Now, this outlines the situation for UK students who continue to work in the UK after graduation. For UK students who work abroad, they still formally have an obligation to repay their loans (and this would catch up with them if they returned to work in the UK at some point), but it's not clear that there is any sort of enforcement mechanism in place to make that happen. Likewise for students from other EU member states. They, too, have an obligation to repay, but how can they be compelled to do so short of expensive and complicated court action in various countries? So the more pragmatic of these students might well conclude their their education at an English university is essentially free. Again, our taxpayers end up footing the bill.

The effect of all this has already been twofold:

(1) Universities have mostly felt free to set their fees at or near the maximum level, contrary to the government's stated expectations.

(2) The government has felt obliged to cap some elements of student numbers to constrain the possible public spending costs of the new student funding system.

I'm not convinced that the new funding model will prove to be viable for very long, so in a few years' time we can expect another round of re-thinking, one that will, I would hope, pay a bit more attention to institutional incentives.

Interestingly, the way in which universities deal with non-EU overseas students, at either undergraduate or postgraduate level, is totally different, and far more sustainable. For with students in these categories, we have had high fees for some years already and student loans are generally not available from the UK's Student Loans Company. Hence not only is there no contingent liability for the taxpayer to pick up, but institutions have to take great care to make sure they get their money. Normally, for instance, we don't even allow such students to register and start their courses until all or most of the fee is safely 'in the bank', and in the few cases of default students are unable to graduate (we don't allow anyone to graduate while in debt to the university), and their debts are pursued through the courts to the extent possible.

Students
Aside from deciding to pursue their higher education at an English university, young people have several other options:

(1) They can choose to get a job, either in the hope of getting training through work and possibly going to university later, or simply because they judge it to be a more suitable option for them than university.

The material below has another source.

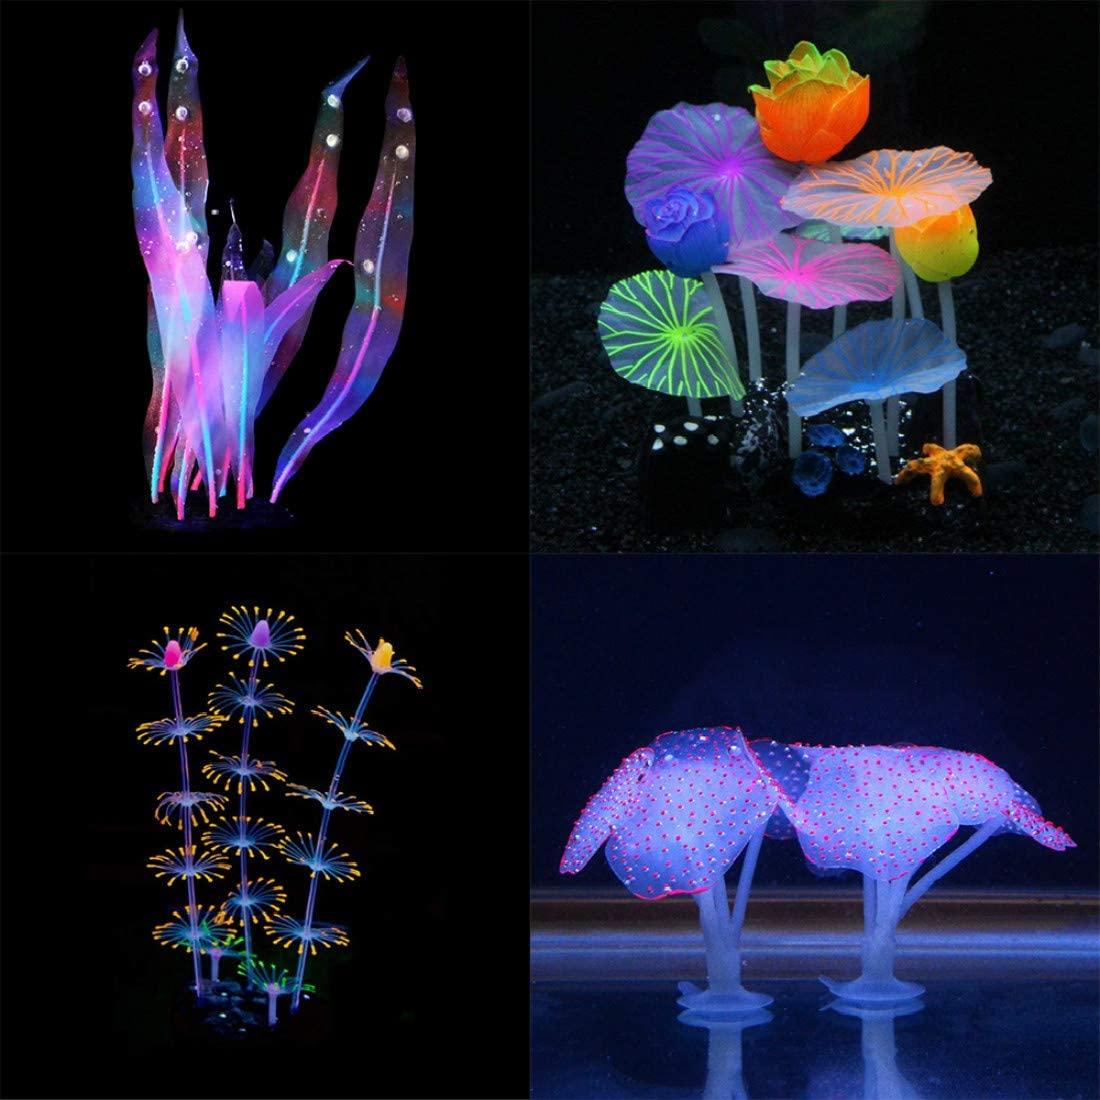 Aquarium Fish Tank Ornament,Simulation Coral Plant Decorations Glowing Silicone Accessories 5Pieces

(2) They can take a university course in another EU member state, benefiting from much lower fees. Increasingly, European universities are offering many courses taught in English, the academic quality is often high, and such overseas experience can often look very good on someone's CV (especially if another language is learned along the way).

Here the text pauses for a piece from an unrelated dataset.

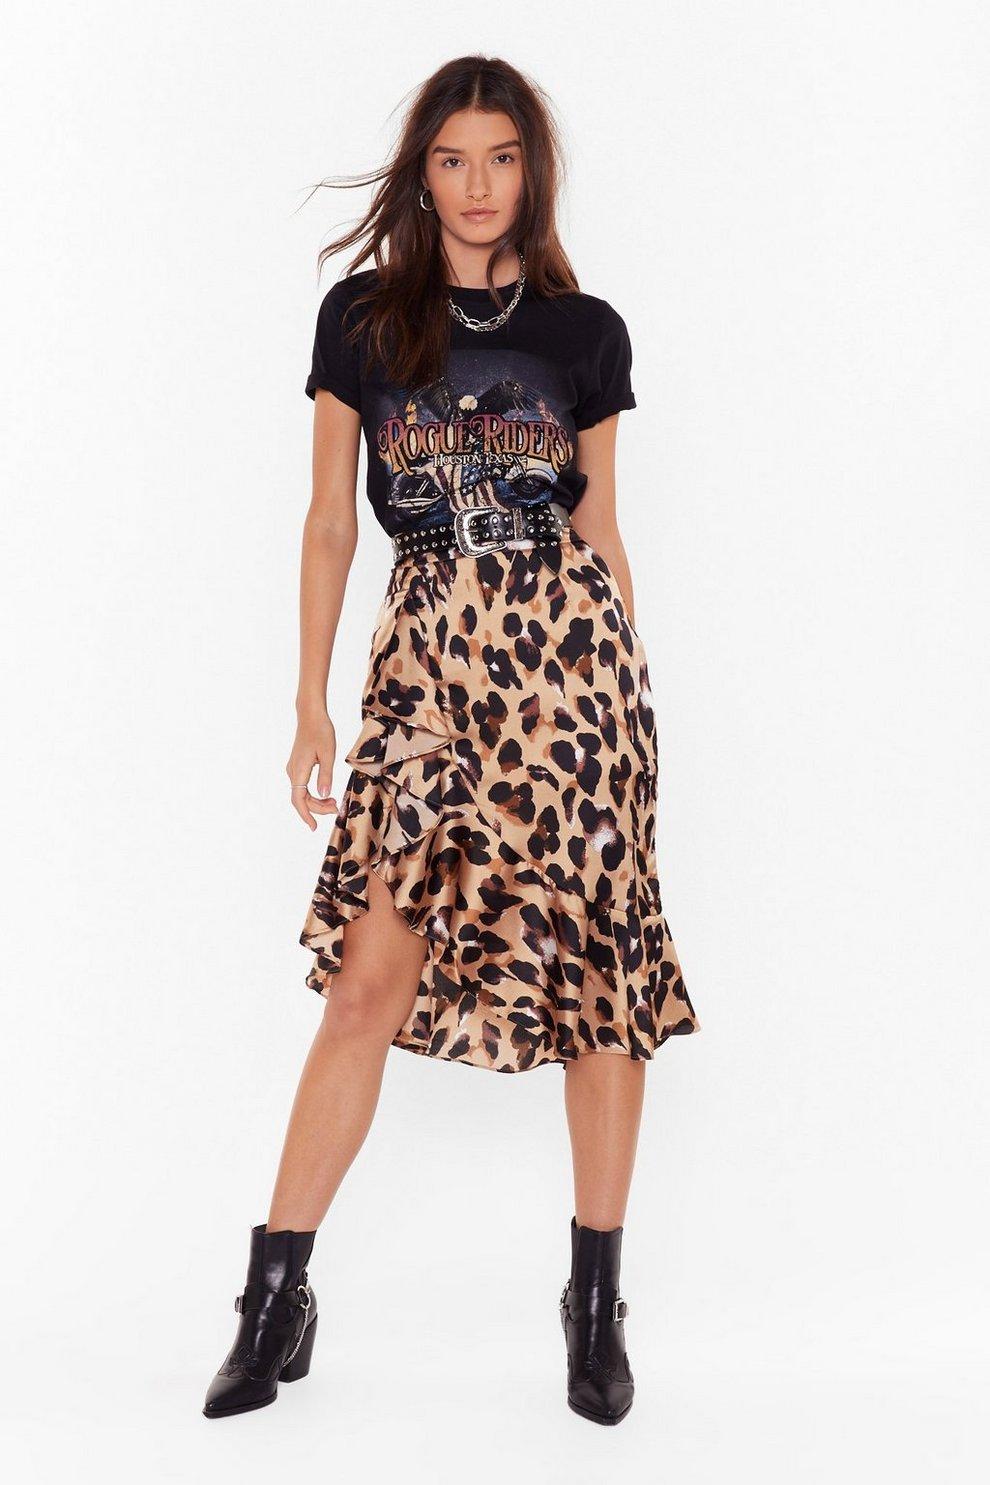 cc4cca008a So Fierce Leopard Skirt | Shop Clothes at Nasty Gal!

(3) They can go to the USA for their higher education, which has the advantage of a common language (more or less). Fees are high, especially at the really good institutions, but the new high fees being charged in England might well push some students in that direction (if their families can pay).

(4) They can consider the rapidly expanding range of distance learning and online options to take their education forward. This is a huge topic in itself, and I'll return to it at a later date.

For now, the main point is that potential students have lots of options, and their choices are going to be influenced by the incentives they face, including both the fee levels, and their perceptions of the likely wages different types of course might lead to (though I must admit I hadn't a clue about that when I was a student myself!). Hence in designing policy, some attention ought surely to be paid to student incentives, too.